Once again the Memorial Day program at the Nisswa American Legion was outstanding. They had good speakers, great music and it was truly a time for remembering the dedication of the men and women that have given so much. My thanks to all the folks that work so hard to put on these programs across our great country. We can never forget all the sacrifices that have been made and continue to be made every day. Thanks again.
We will continue our fight
For the past several weeks, myself and well over 100 other citizens in the Peqout Lakes, Jenkins area have been meeting in expression of concerns and complaints of our local police department. We are not a bunch of radicals or lunatics. This is honest, hard-working, taxpaying citizens and business owners in our area. There are others with grievances, but many are scared,and intimidated by the police and will not step forward.
Myself, I am also scared but we are simply trying to get our local city council to listen. We were granted a meeting on Tuesday, May 13, 2008, with the Pequot City Council. We were told two weeks ago to bring our complaints and police incidents to this meeting.
Upon arriving, with well over 100 concerned citizens in attendance. We were immediately intimidated by the entire Pequot police force sitting there. There were all but one in attendance and the entire reserve force, total of 16 uniformed officers. We were then informed by the mayor that we could not read our complaints and use the names of officers. All people in attendance were all ready to leave. One of our biggest complaints is the intimidation factor that we live with each day. And to be shut down like we were has only made the animosity escalate to an even higher level.
It is a sad sight to see our community in such disarray. We are a tourism community, we rely on tourists to spend money in our community.
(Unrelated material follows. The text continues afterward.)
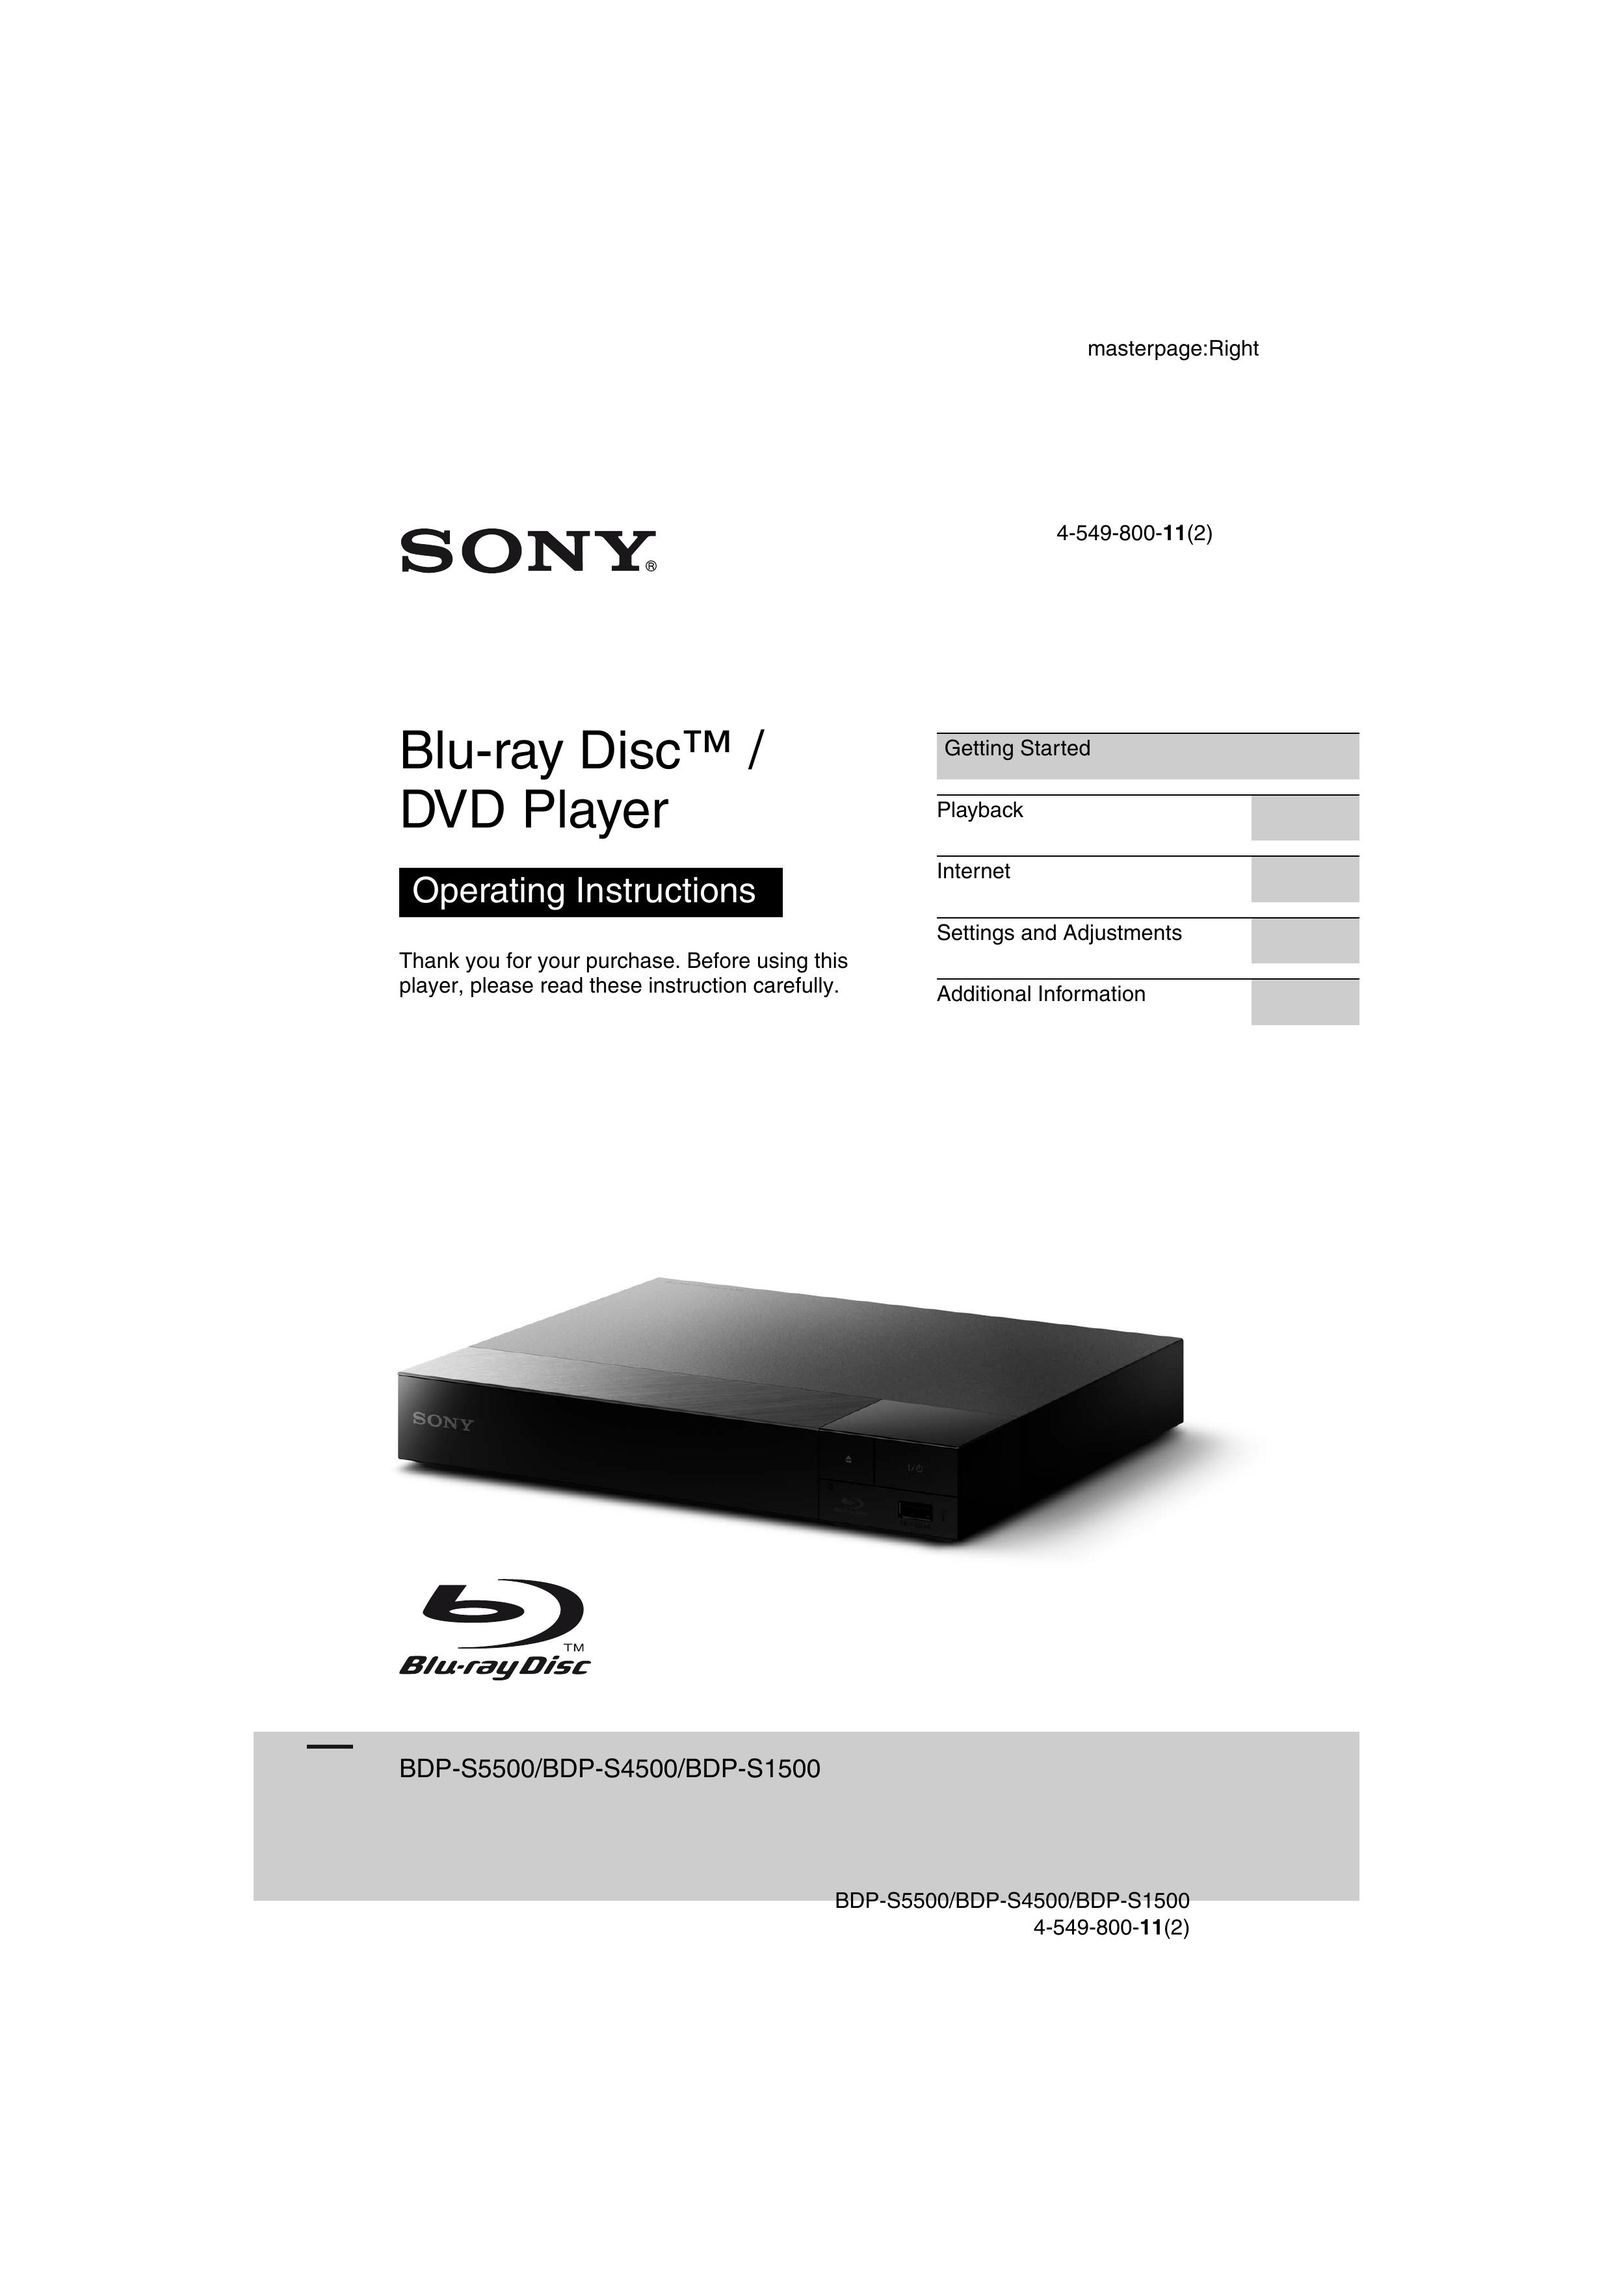 Sony BDP-S1500 Blu-ray Player User Manual

But because of tactics used, many tourists say "we will go elsewhere, where we are appreciated and our money is welcome." We will continue our fight for the people legally.
Kim A. Bachmann
Restrict burning in Baxter
I would like to encourage Baxter residents to contact their city council re: implementing a more restrictive burning policy in Baxter. I had hoped that my previous Open Forum letter might cause others to rethink their choice to pollute their neighborhood and other areas with their "open burning." In the past two weeks, the heavy smell of smoke has lingered in my neighborhood every day and into the early morning hours. The wind brings the smell of smoke to my home from miles away.
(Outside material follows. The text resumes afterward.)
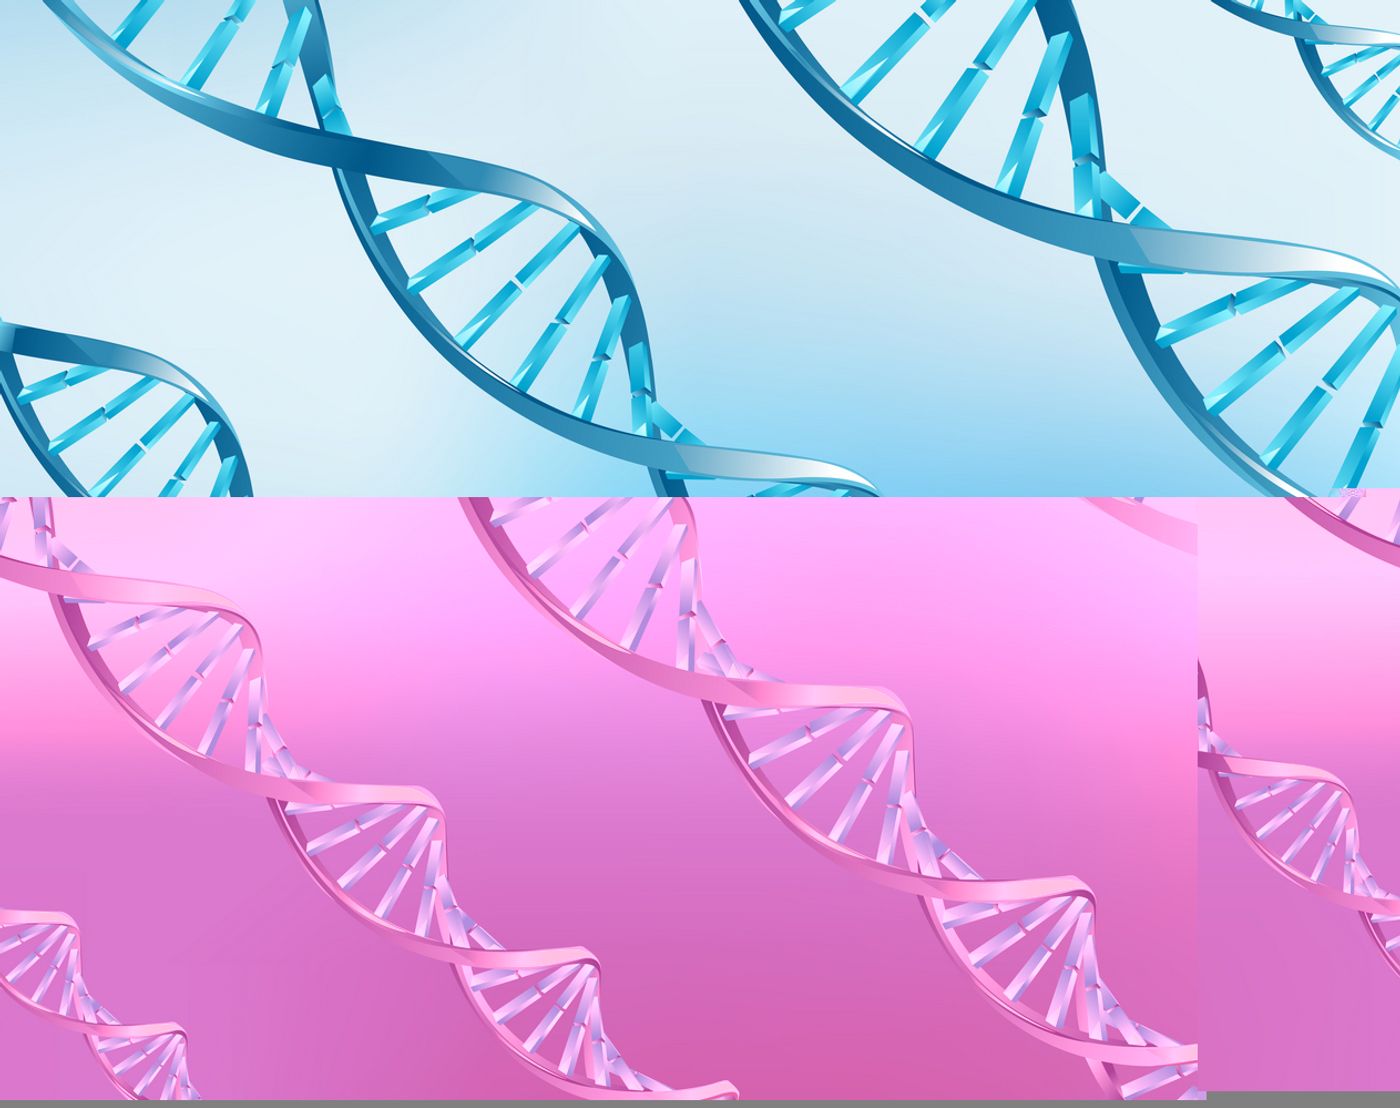 Center tackles genomic approach to critical care.

It may have made sense to allow the burning of leaves/brush, etc., when Baxter was not a developed community. Now, there are alternatives available for the disposal of these items. Our world is suffering from air pollution, an increase in respiratory illnesses and a host of other health/environmental issues. Is it not time for the city of Baxter to recognize the need for change and to ensure the health and safety of its residents? I, personally, just want to be able to breathe without worrying that the air may be killing me!
Jill Zauhar Backberg
Supply and demand
The article titled, "Deep, deep emotion" appearing in the Brainerd Dispatch, Sunday, June 1, 2008, gives the reason for closing of Whittier and Lincoln schools was due to budget reductions. Nothing could be further from the truth.
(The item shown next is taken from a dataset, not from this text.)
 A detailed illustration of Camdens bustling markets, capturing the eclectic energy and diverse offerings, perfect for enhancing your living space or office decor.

First we had leadership in the school district that decided it was an opportune time to get a referendum passed for a new school. This passing of the referendum resulted in building a new school for nearly a third of School District 181 enrollment. The school district now has school rooms with no one to fill them. This is common sense experience of supply and demand.
Second, the decline in enrollment within the school district was another factor that added to the problem.